Per l'ateneo è intervenuta la prorettrice Isabella Nova, che ha portato i saluti della rettrice Donatella Sciuto: l'università, ha detto, non è solo un luogo di conoscenza ma una comunità, e mettere a disposizione borse di studio per studenti rifugiati significa investire non sui singoli ma sul futuro della società. A seguire Charles come relatrice è stata la professoressa Maria Gabriella Signorini, anche lei docente di Bioingegneria.

Che cos'è Unicore

Il progetto University Corridors for Refugees è nato nel 2019 come esperimento con due università e sei studenti. Funziona così: le università italiane offrono borse di studio per corsi di laurea magistrale biennali; i candidati, rifugiati già titolari di protezione internazionale e residenti in Paesi di primo asilo, vengono selezionati dagli atenei stessi sulla base del merito accademico e della motivazione; chi vince arriva in Italia con un visto per studio, in aereo, senza affidarsi ai trafficanti.

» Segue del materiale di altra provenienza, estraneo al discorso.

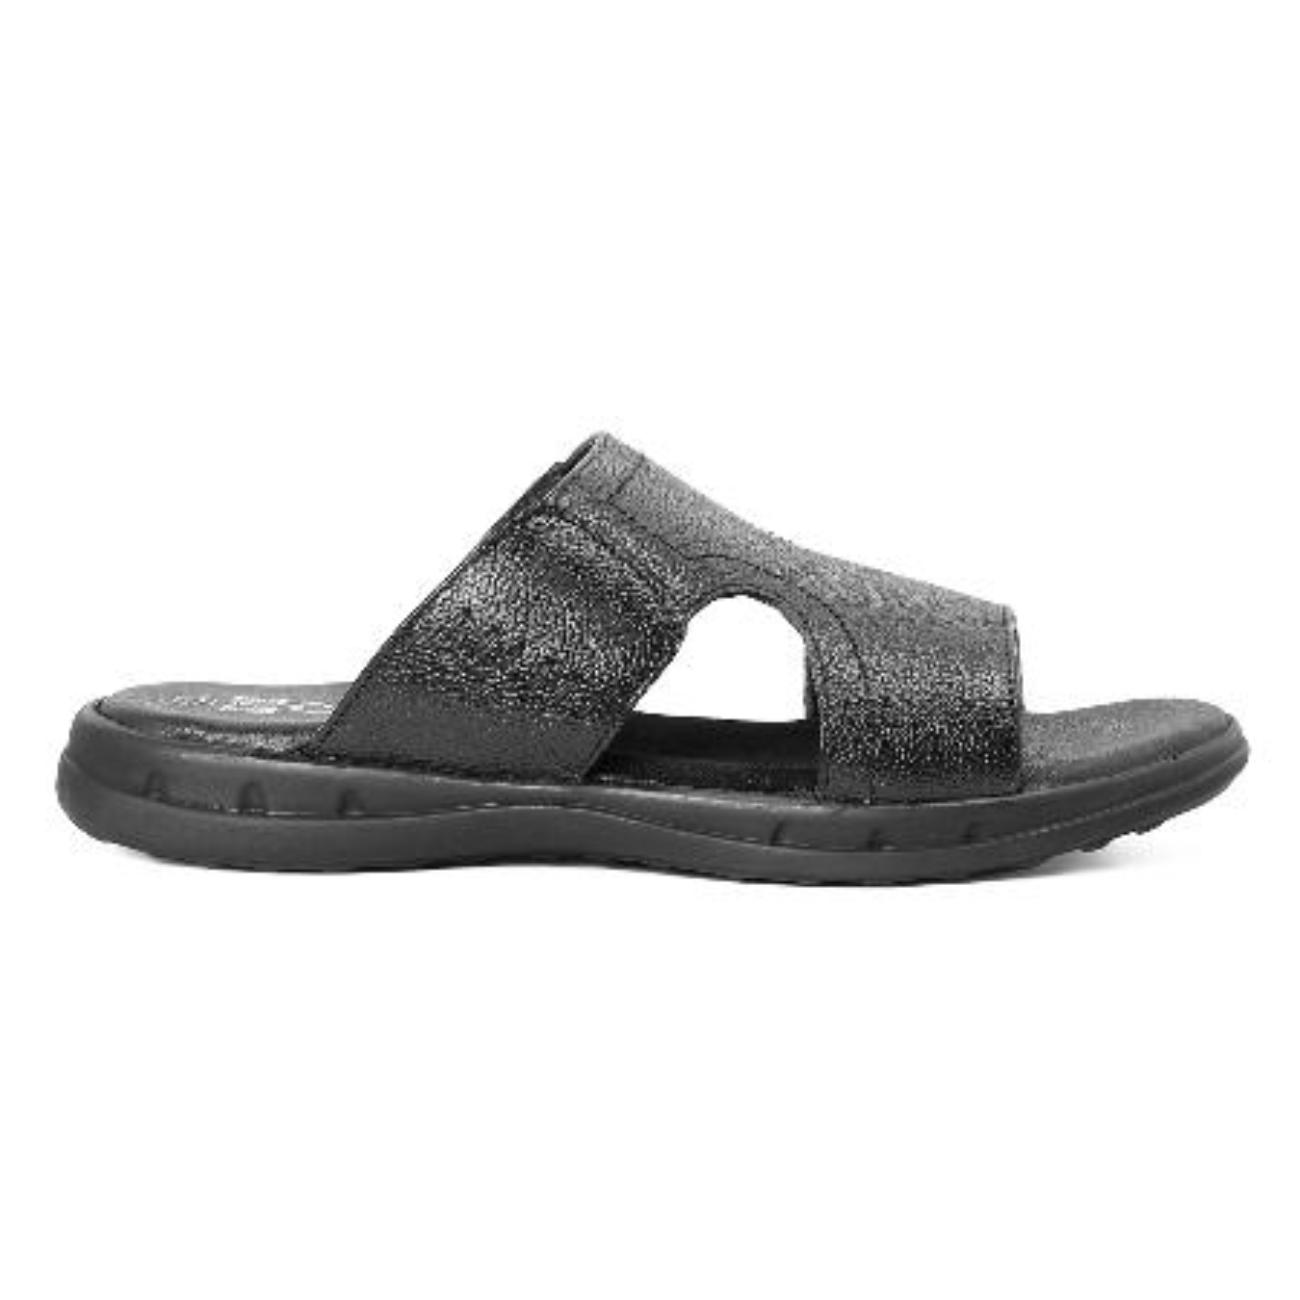 buy black slip-on sandals side view_1

Secondo l'Unhcr, in sette edizioni il programma ha permesso a oltre 300 studenti rifugiati di proseguire gli studi in Italia. L'edizione più recente, presentata dall'Agenzia Onu nella primavera scorsa, mette a disposizione 78 borse di studio offerte da 41 atenei, con arrivo degli studenti previsto a partire dal prossimo settembre. Il Politecnico di Milano è fra le università che partecipano.

Numeri che, letti accanto alla fotografia di mercoledì, dicono una cosa semplice: la corona d'alloro sulla testa di Charles è la prima al Politecnico, ma non sarà l'ultima.